Well its a suggestion and all I can help with is what I would do,first of all I have no idea about the medication you use, i use the ESha ones its likely its parastic skin problem esHa covers all such as opposed to other meds doing individual problems plus you can use the esHA range if needed together-exit-2000 etc.Can you set up quarantine tank,tested water?Do some water changes in the meantime ,stop feeding the fish,what ever med you use check all species are ok,coris and cats withit if you cant set up hospital tank. Good luck


----------



## philipraposo1982 (29 Nov 2015)

here is a video of the tank, maybe seeing what is going on might help id the cause.  

The last two days, I performed 2 60% water changes and while the flashing isn't often or consistent, its still happening.

I can't imagine my nitrates are so high that even after 2 large water changes its still irritating some barbs.  Also, if it was nitrates, i would think it would bother my corys and my otos.


----------



## philipraposo1982 (29 Nov 2015)

here is another video (underwater)


----------



## ceg4048 (30 Nov 2015)

Hi,
    Nitrates are not responsible for irritating any fish. Fish do not really care about high nitrates.
Irritants would more likely be attributable to a parasitic or pathogen attack. There may be other chemical causes such as ammonia, chlorine and so forth.

In any case, increasing frequency and size of water changes is always a good thing.

Cheers,


----------



## rebel (30 Nov 2015)

If you can catch the sick fish and treat them with a slightly higher dose of meds perhaps would be interesting to try? Then you don't need to overdose the whole tank and risk other issues.


----------



## alto (30 Nov 2015)

ceg4048 said:


> Nitrates are not responsible for irritating any fish. Fish do not really care about high nitrates


Are you basing this upon scientific journal published articles?

Back when I was reading biochemistry papers, N- modified proteins were isolated from fish kept in high nitrate environments ... as I recall one study was done with Discus, N-labeled proteins were observed at nitrate levels above 10ppm ... 
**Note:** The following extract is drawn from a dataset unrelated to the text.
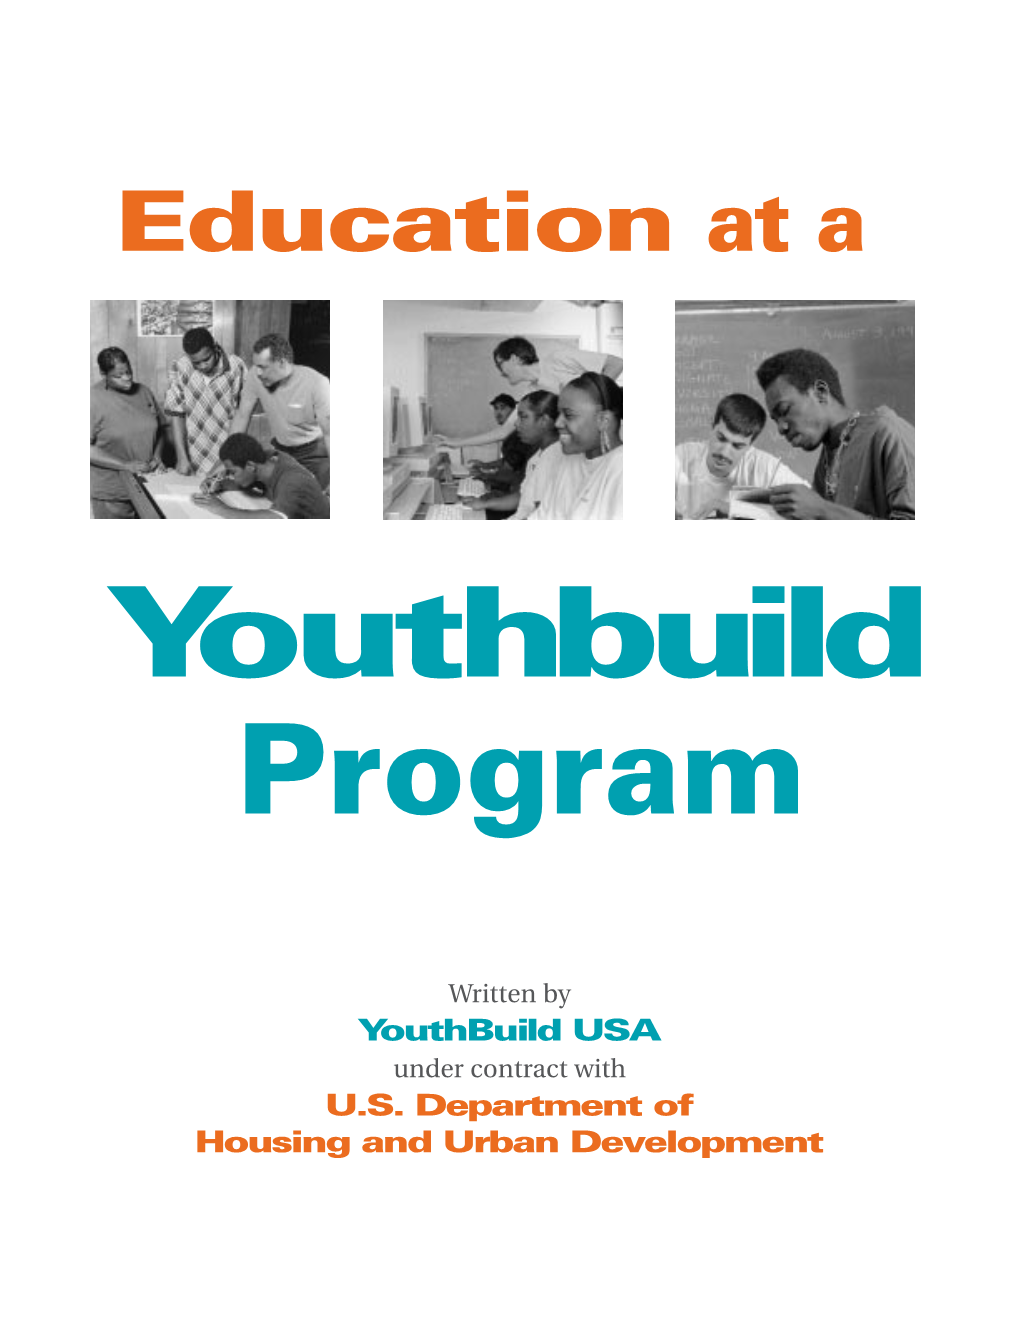 Youthbuild USA Under Contract with U.S

My personal observation with altums is contrary to your statement - anything over 10ppm nitrates & they "_noticed_"   ...


----------



## john dory (1 Dec 2015)

I don't see much flashing


----------



## philipraposo1982 (1 Dec 2015)

Sometimes it's not much while other times it like 2 or 3 fish who flash like 4 or 5 times inna row.  Like one after another.


----------



## dw1305 (1 Dec 2015)

Hi all, 





alto said:


> Are you basing this upon scientific journal published articles?
> 
> Back when I was reading biochemistry papers, N- modified proteins were isolated from fish kept in high nitrate environments ... as I recall one study was done with Discus, N-labeled proteins were observed at nitrate levels above 10ppm ...
> 
> My personal observation with altums is contrary to your statement - anything over 10ppm nitrates & they "_noticed_" ...


There isn't  a huge amount of scientific data that just looks at NO3, it nearly all looks at nitrate levels as the "smoking gun" of the microbial oxidation of NH3 and NO2. This is understandable because, with the exception of addition by aquascapers, NO3 is often a marker of organic pollution.

There is definitely evidence that long term chronic exposure to relatively low levels of nitrate is damaging to Salmonids:
"Comparing the effects of high vs. low nitrate on the health, performance, and welfare of juvenile rainbow trout _Oncorhynchus mykiss_ within water recirculating aquaculture systems".

"_....High nitrate nitrogen (80–100 mg/L) was related to chronic health and welfare impacts to juvenile rainbow trout....._"

"<A Review of Nitrate Toxicity to Freshwater Aquatic Organisms>", is a review paper that looks at both acute toxicity and long term (chronic) effects for a range of aquatic organisms.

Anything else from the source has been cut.